How Beneficial Ownership Reporting Can Prevent Financial Crimes

How Beneficial Ownership Reporting Can Prevent Financial Crimes (1)

With the implementation of the Corporate Transparency Act (CTA), the Financial Crimes Enforcement Network (FinCEN) added a vital tool to its arsenal – beneficial ownership reporting. Every business is legally obligated to file a beneficial ownership report. But why? Well, so FinCEN can use it to weed out what it calls “illicit actors” and ensure they’re not able to use very real and legitimate business structures to gain access to their criminal proceeds.

In other words, beneficial ownership reporting exists to prevent business-related financial crime. Let’s take money laundering as an example. The United States Department of Justice estimates that the amount of money laundered from drug trafficking alone is anywhere between $100 and $300 billion annually. Most of that money gets piped through legitimate businesses – created to serve as fronts – so it becomes spendable for criminals.
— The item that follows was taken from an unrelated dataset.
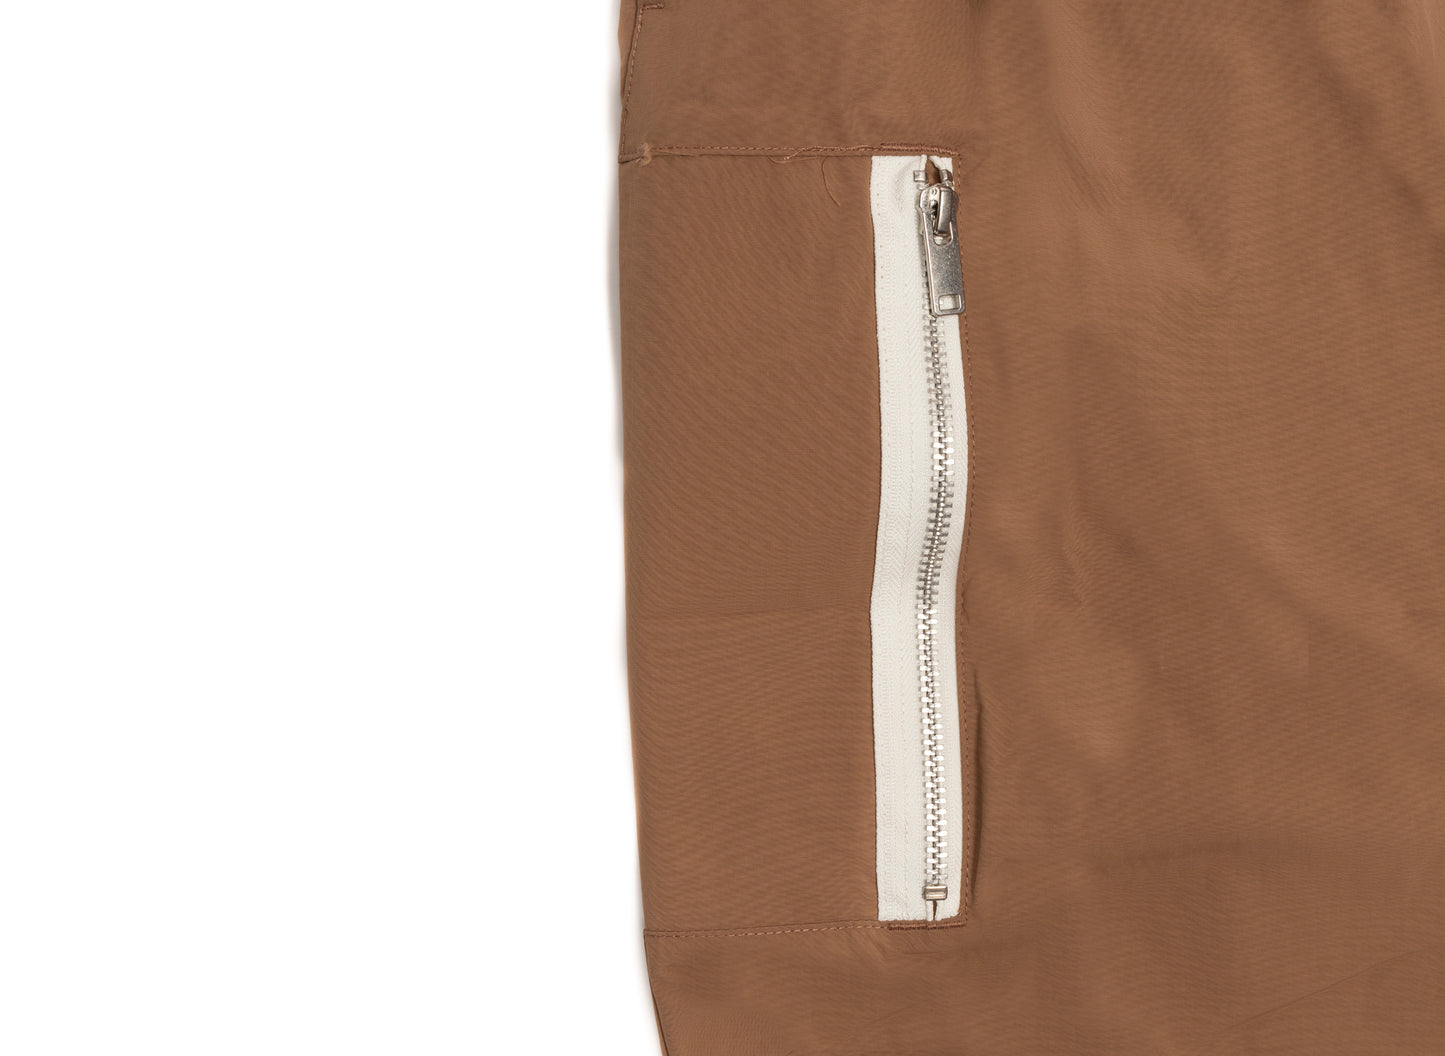 Nike Sportswear Style Essentials Utility Pants

That’s the sort of financial crime that beneficial ownership reporting exists to stop. But how do these reports help? And what challenges still exist for FinCEN in the fight against illicit actors using legitimate businesses to hide their shady dealings? We explain all here, along with offering best practices to ensure your business information reporting is as accurate as possible.

How Beneficial Ownership Reporting Can Combat Financial Crimes

We’ve touched on one of the crimes FinCEN hopes to tackle with beneficial ownership reporting. Its goal is to gain more information about how companies, particularly limited liability companies (LLCs) and S Corporations, are structured to uncover illicit actors who might be using their businesses as cover. There are three ways the reporting makes this task easier for FinCEN.

Increased Transparency

The more FinCEN knows about a business and who’s operating that company, the better able it is to weed out the wrongdoers who use the business for illicit financial practices. Take LLCs as an example. Before the CTA came into effect in January 2024, an LLC didn’t have to report any information about beneficial owners beyond the main owner of the business. Think about what that means from a law enforcement perspective. A criminal could use somebody – perhaps even an unwitting patsy – to form a business and claim ownership. But behind the scenes, that criminal extracts most of the cash the business generates with FinCEN and other agencies being none the wiser unless they launch a full investigation.

The transparency delivered by business information reporting counters such situations. FinCEN now requires anybody who has at least a 25% ownership stake in a business – whether that’s direct or judged through the level of control they have over the business – to be reported as a beneficial owner. That means names, addresses, and a company’s ownership structure all come to light. That’s not a problem for a legitimate business. If anything, business information reporting reinforces the company’s legitimacy. But for those beneficial owners trying to hide behind a business structure to access illicit gains, FinCEN’s reporting structure casts a far harsher spotlight. They have to report themselves and their roles in their businesses. If they don’t, it may trigger FinCEN to investigate them.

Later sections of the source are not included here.